*** Opening of Supplied material ***
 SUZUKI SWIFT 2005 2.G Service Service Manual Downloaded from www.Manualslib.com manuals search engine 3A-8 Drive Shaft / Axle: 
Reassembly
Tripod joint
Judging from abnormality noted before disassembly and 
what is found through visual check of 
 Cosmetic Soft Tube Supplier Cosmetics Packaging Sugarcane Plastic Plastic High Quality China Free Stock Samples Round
*** Close of Supplied material ***
*** Opening of Supplied material ***
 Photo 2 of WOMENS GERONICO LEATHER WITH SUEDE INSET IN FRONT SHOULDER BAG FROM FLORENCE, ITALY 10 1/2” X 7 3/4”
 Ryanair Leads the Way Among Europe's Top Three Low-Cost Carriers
*** Close of Supplied material ***
*** Opening of Supplied material ***
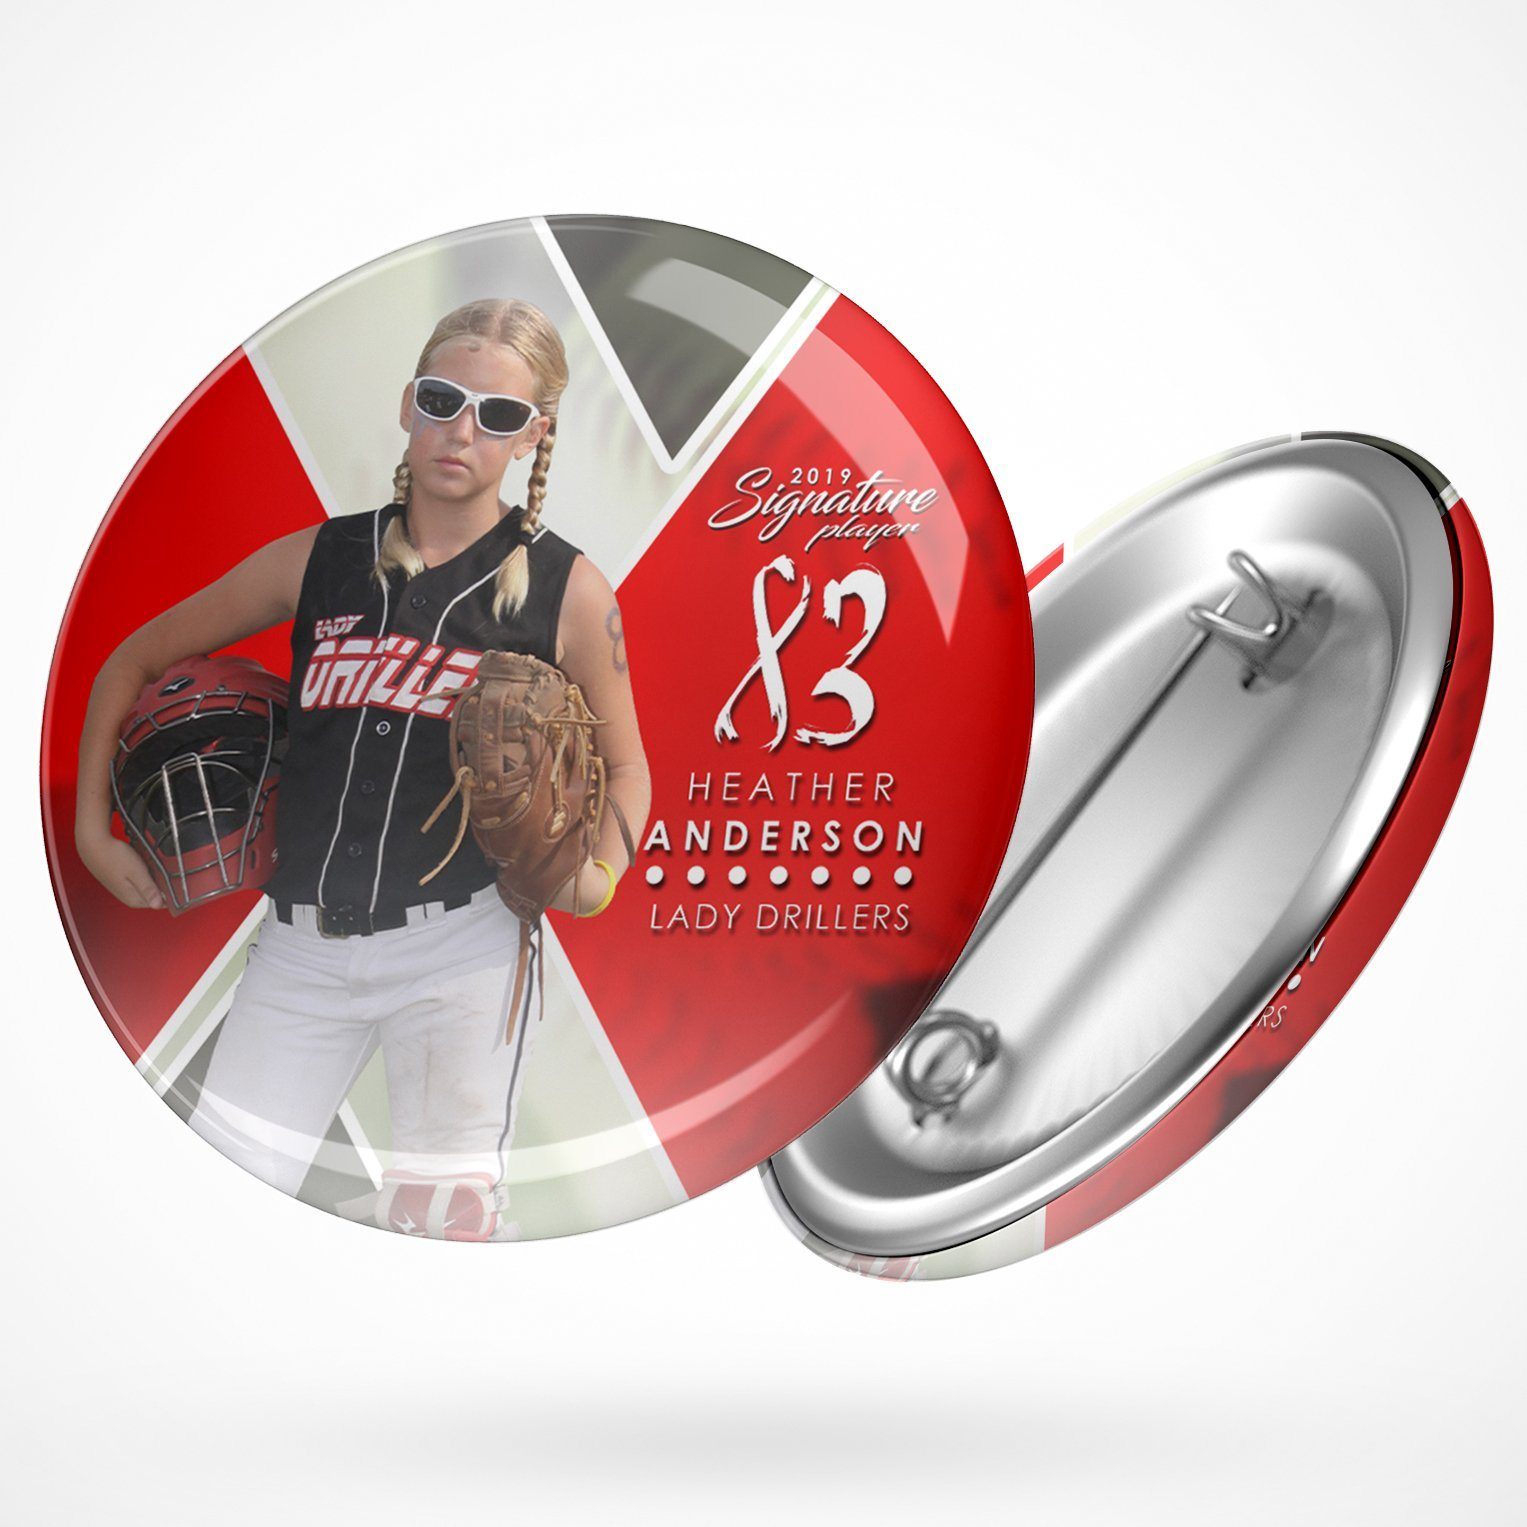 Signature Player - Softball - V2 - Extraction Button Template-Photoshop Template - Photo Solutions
*** Close of Supplied material ***
Out of the data above, give again only the lines starting at the one holding "SUZUKI SWIFT 2005" and ending at the one holding "Cosmetic Soft Tube", unchanged.

Answer for the task
 SUZUKI SWIFT 2005 2.G Service Service Manual Downloaded from www.Manualslib.com manuals search engine 3A-8 Drive Shaft / Axle: 
Reassembly
Tripod joint
Judging from abnormality noted before disassembly and 
what is found through visual check of 
 Cosmetic Soft Tube Supplier Cosmetics Packaging Sugarcane Plastic Plastic High Quality China Free Stock Samples Round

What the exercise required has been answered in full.